ABOUT THIS EXERCISE: Please return the data that follows precisely as written, but without the images.

DATASET SECTION:
^^^^
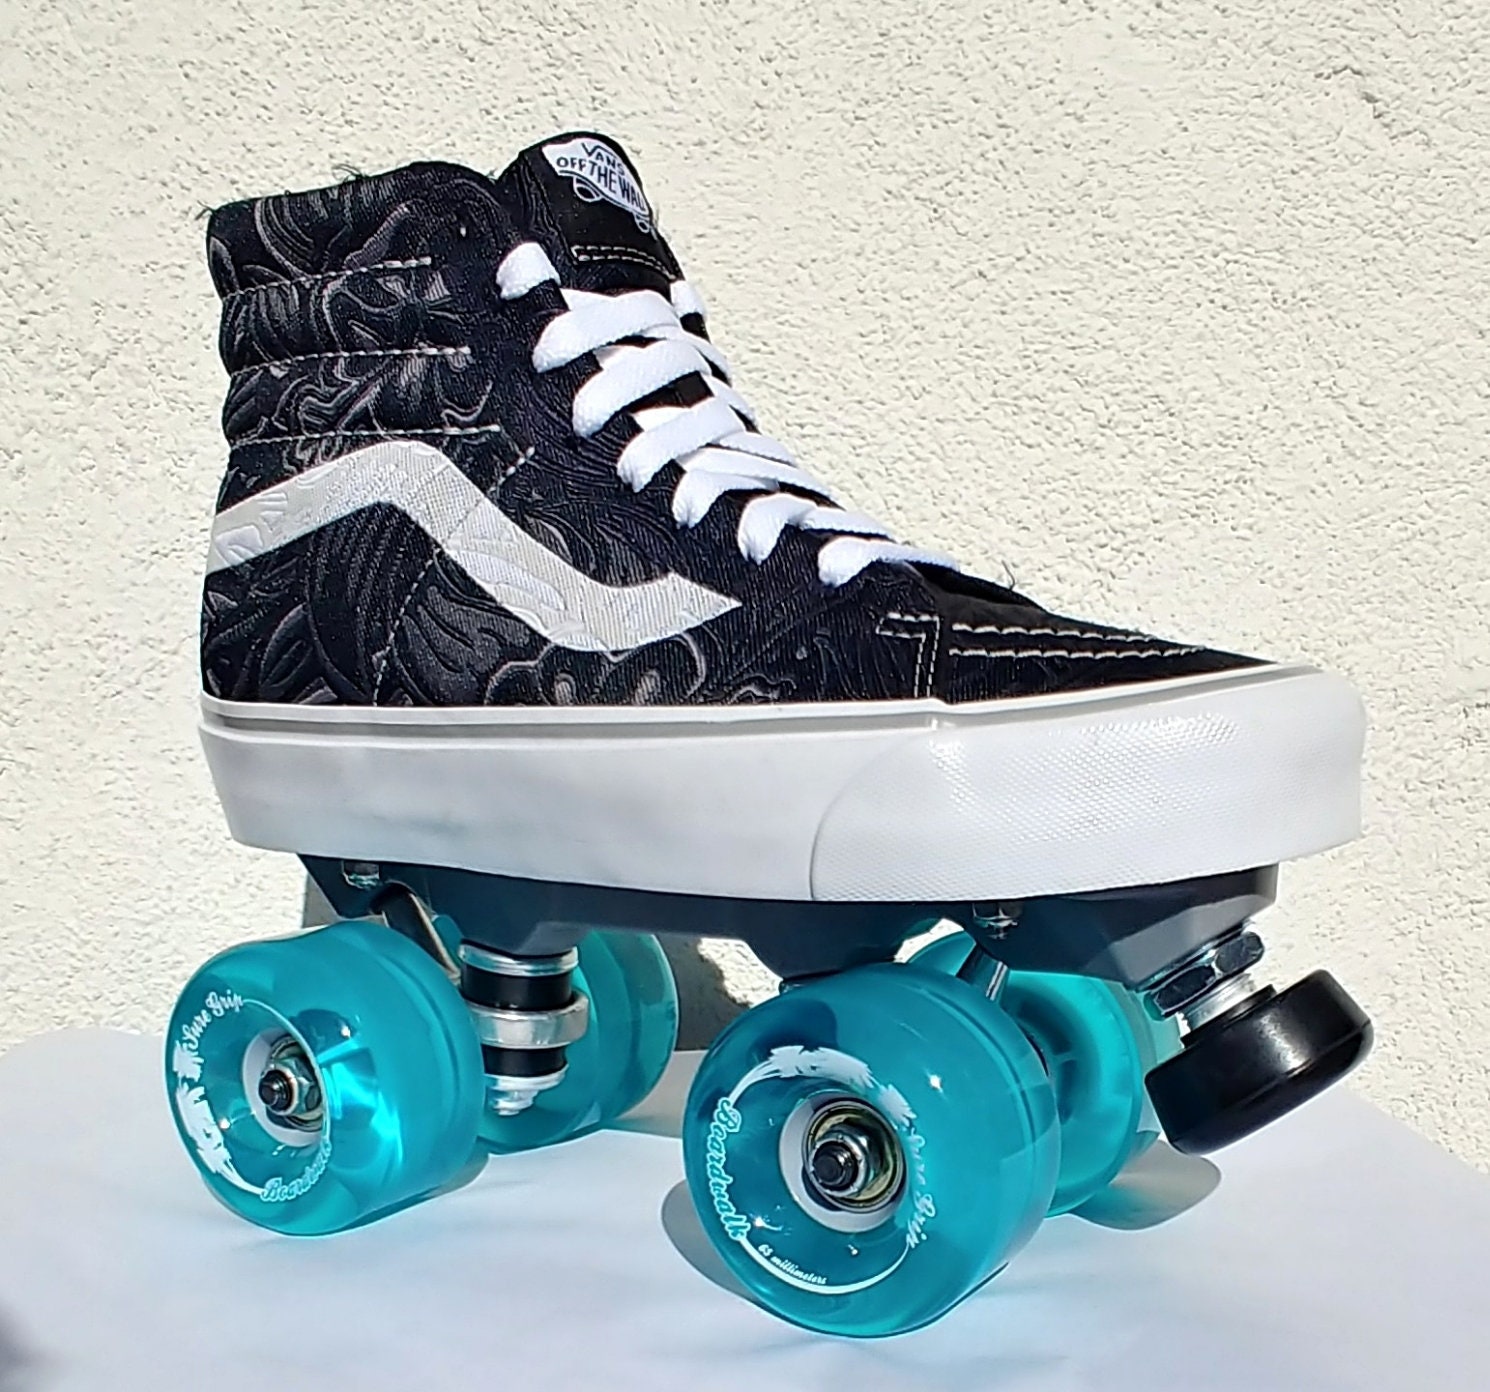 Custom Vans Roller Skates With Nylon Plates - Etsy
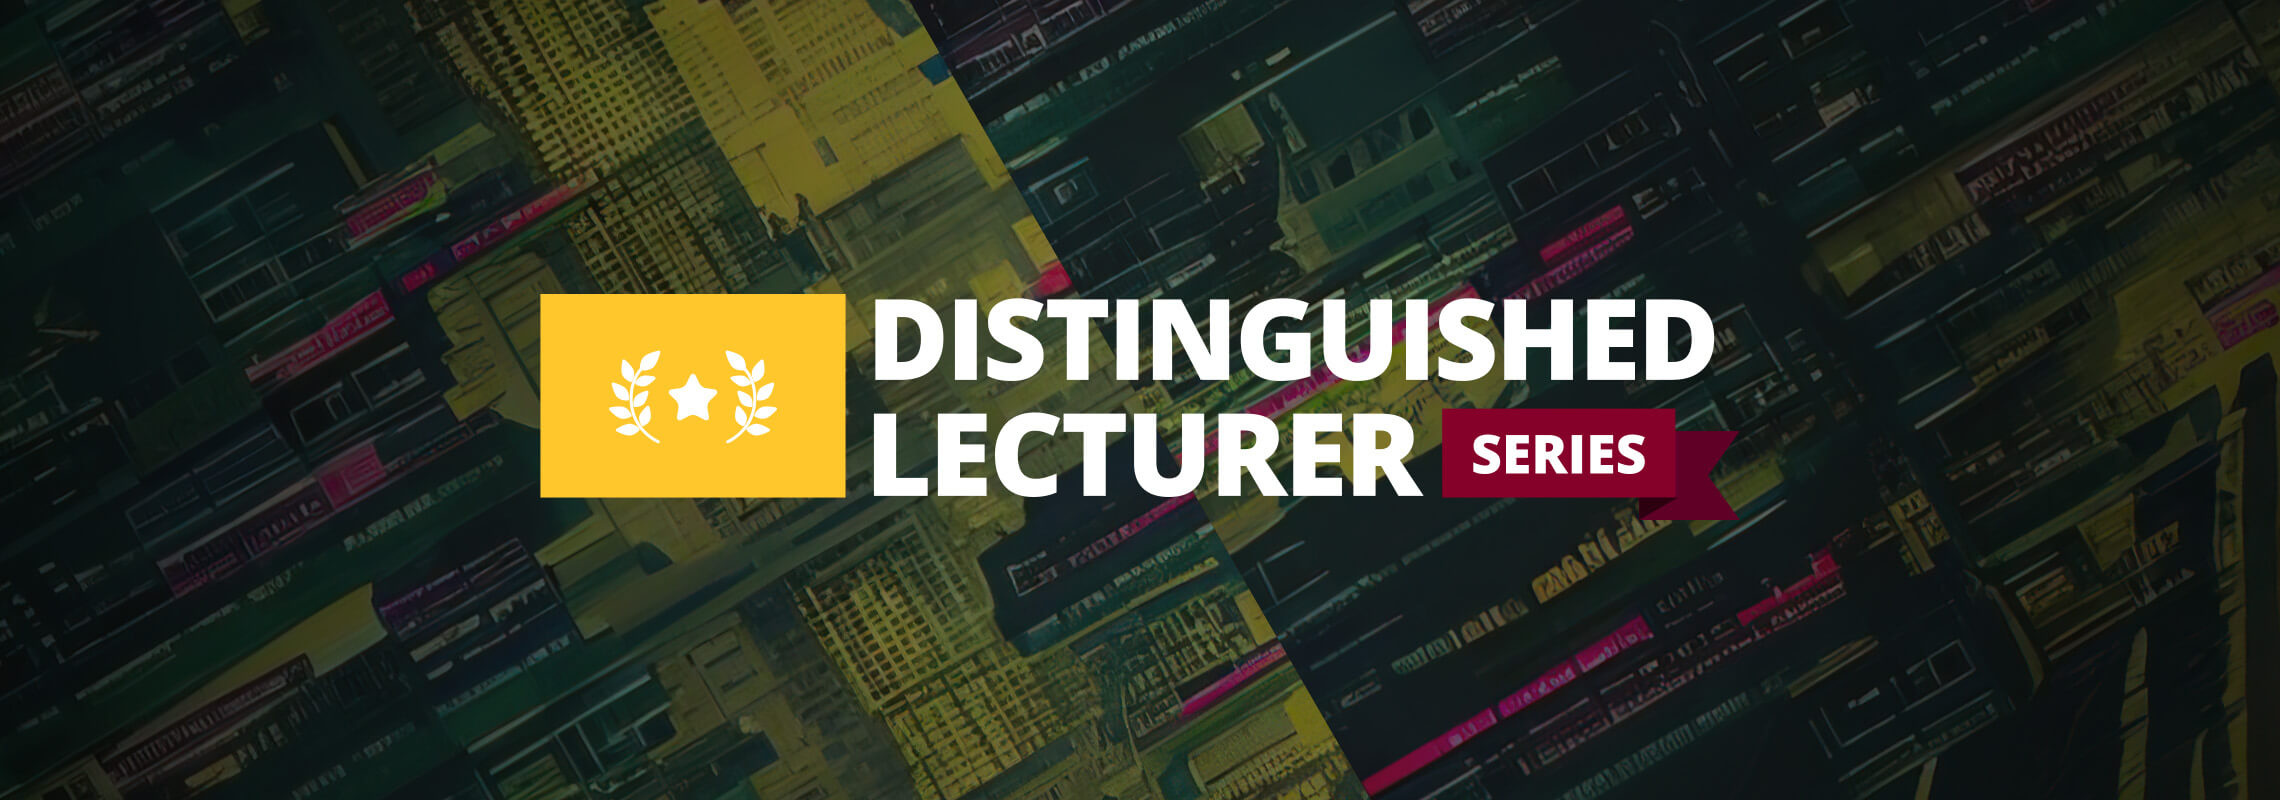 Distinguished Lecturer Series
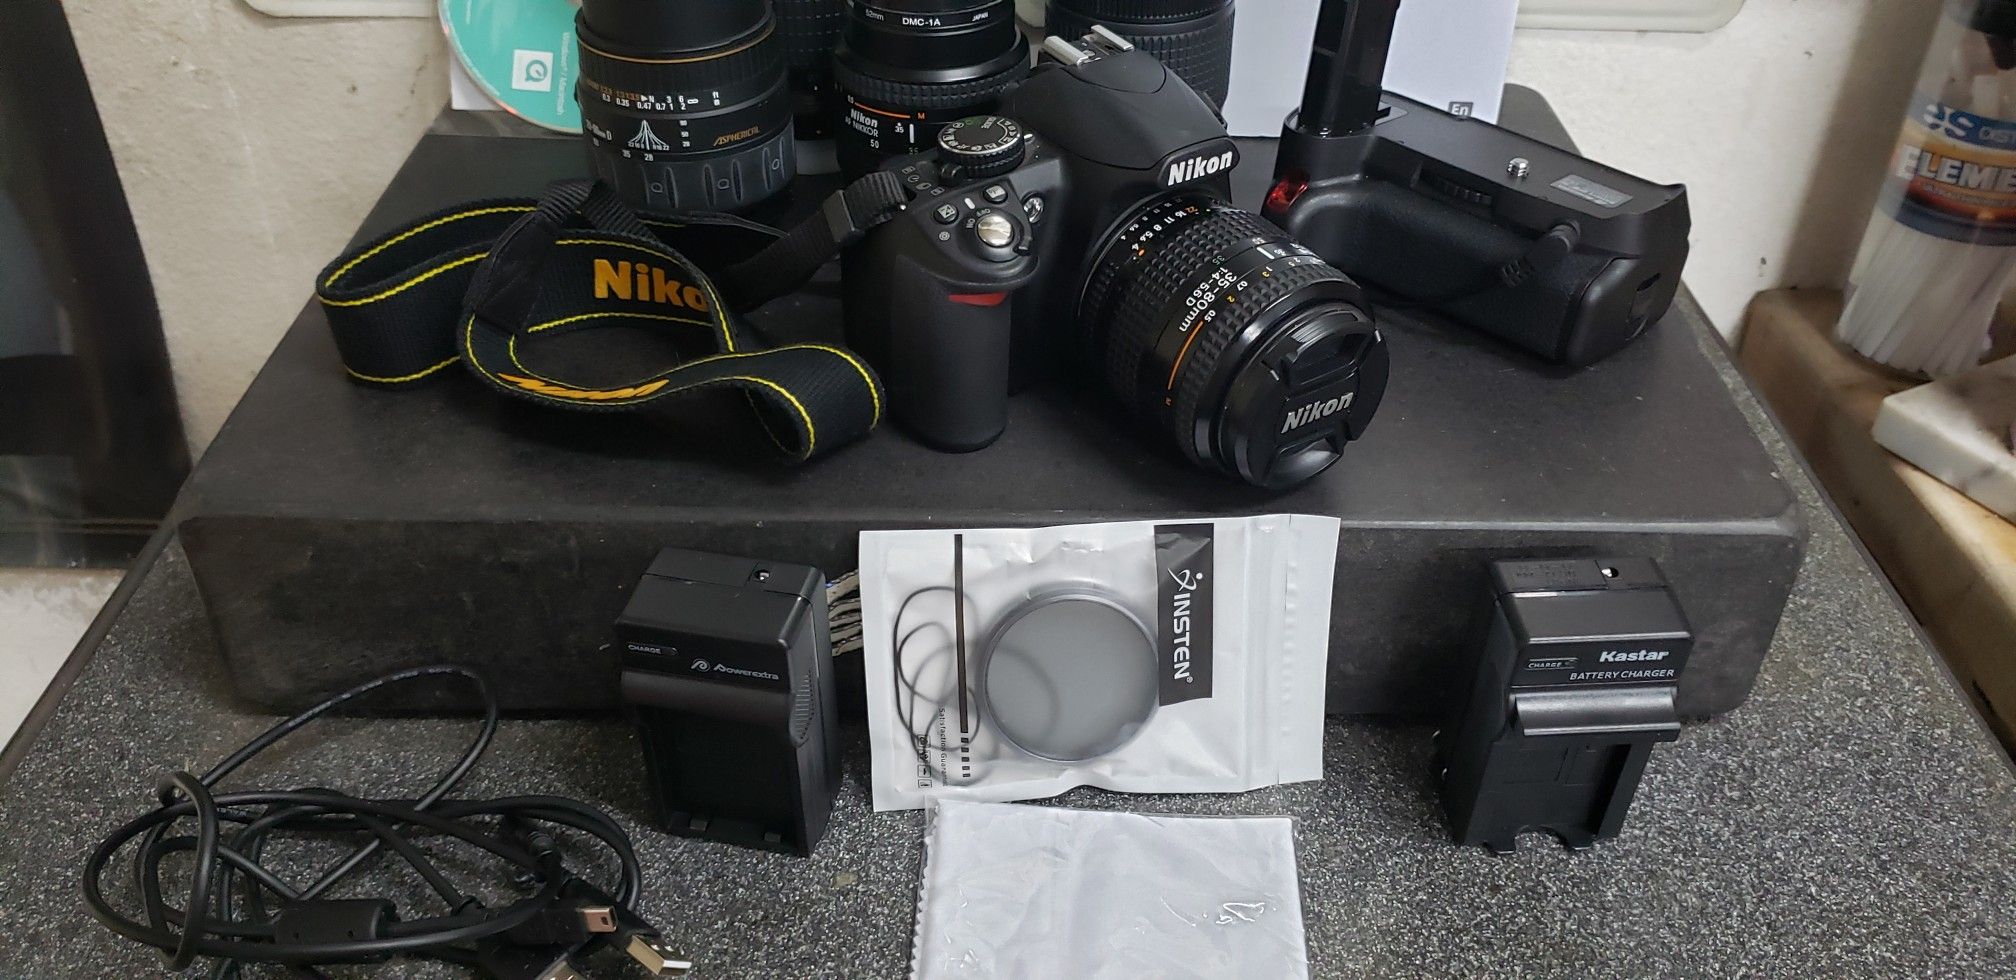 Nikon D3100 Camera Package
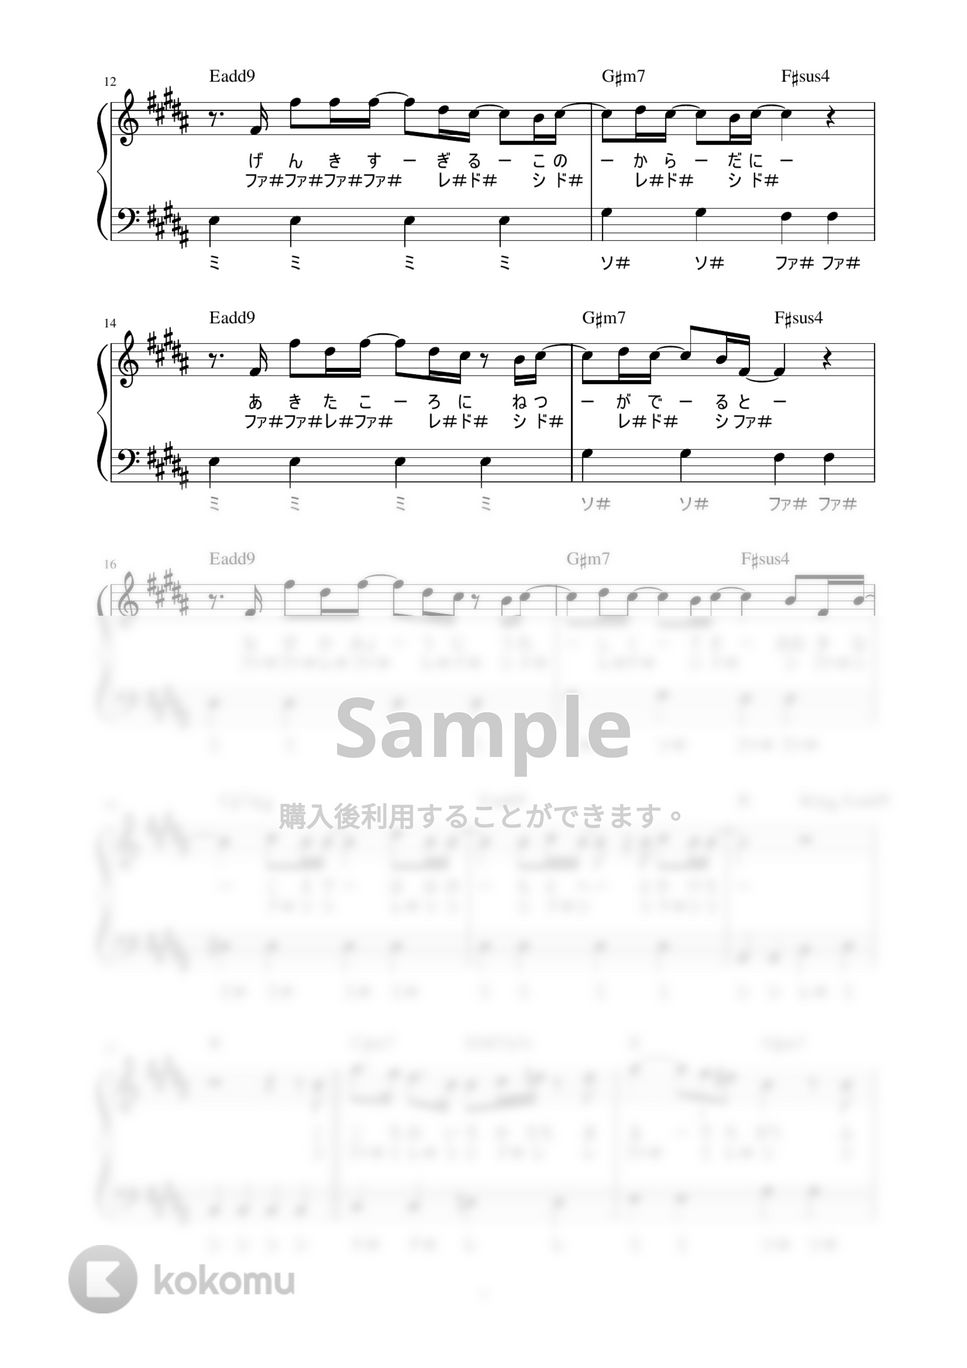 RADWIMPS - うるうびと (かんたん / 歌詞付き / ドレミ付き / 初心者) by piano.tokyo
^^^^
SOLUTION TO THIS TASK:
 Custom Vans Roller Skates With Nylon Plates - Etsy
 Distinguished Lecturer Series
 Nikon D3100 Camera Package
 RADWIMPS - うるうびと (かんたん / 歌詞付き / ドレミ付き / 初心者) by piano.tokyo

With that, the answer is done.